An intro to social constructionism regarding sexuality practically requires a reference to Foucault’s famous example of the ‘creation of the homosexual’.  There is a realization in this branch of theory that sexual practices are now shaping subjects and defining individuals.  There are sexual identities now.  Jeffrey Weeks’ describes the creation of such identities as a cycle between the self and society.  To me, this branches off into two other interesting themes: identity politics and resistance.

Regarding the former, I felt the contradiction almost immediately.  Identity politics, how I’ve been taught to understand it, seems to be at least strategically essentialist, citing specific differences as the bases of identification, belonging and organization.  These ‘inherent’ differences seem the antithesis of supposedly socially constructed identities and groups such as ‘homosexual’, ‘lesbian’, ‘fetishist’ etc.  Yet Weeks’ account reconciles the two.

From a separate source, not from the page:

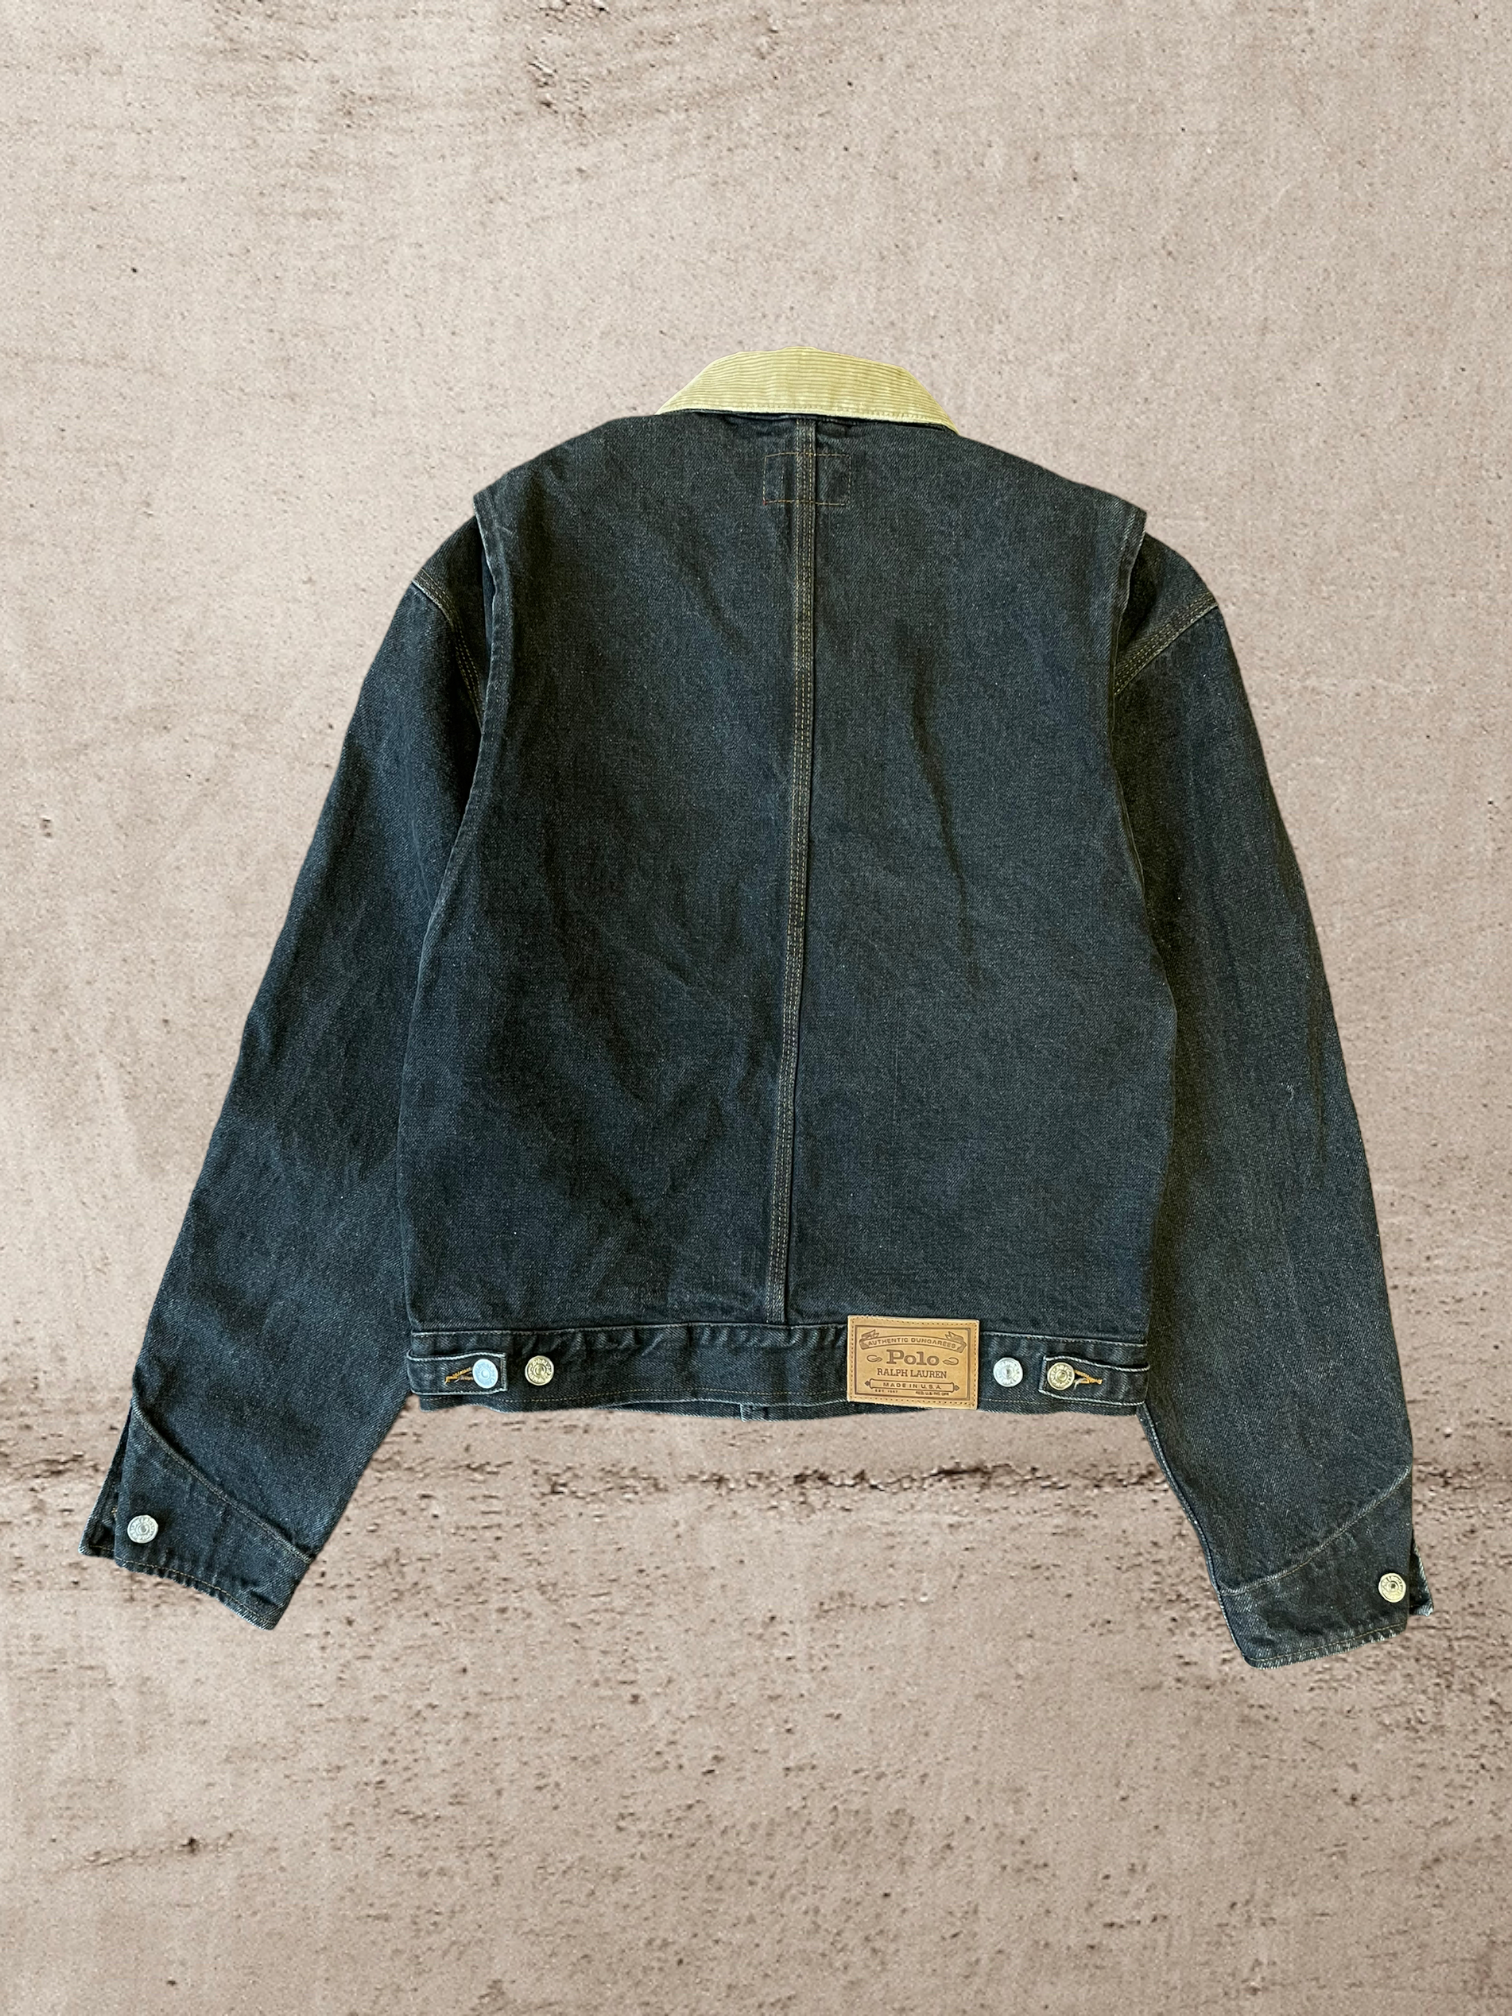 90s Polo Ralph Lauren Dungarees Denim Jacket - Medium

I feel that the room left by Foucault for resistance is important for that very reason.  Identities cannot be created by abstract concepts or general social trends.  It is actual occurrences, be they repressive legislation or social organizing, moral condemnation or ‘sexual’ migration, which hold that productive power.  Those who may have been defined top-down still embody that identity and are thus able to alternatively shape its definition by their actions.  Therefore, while science and society can create the ‘homosexual’ the ‘invert’ or the ‘gay man or woman’ for their own usages, homosexuals can also create these categories defined it their own terms for resistance: the identity politics of the gay rights movements.  These simultaneous definitions have undoubtedly changed what ‘homosexual’ connotes today.  Through resistance it is identity politics that can do the subject-making, and not simply fall out of definitions from others.  It can socially construct on its own.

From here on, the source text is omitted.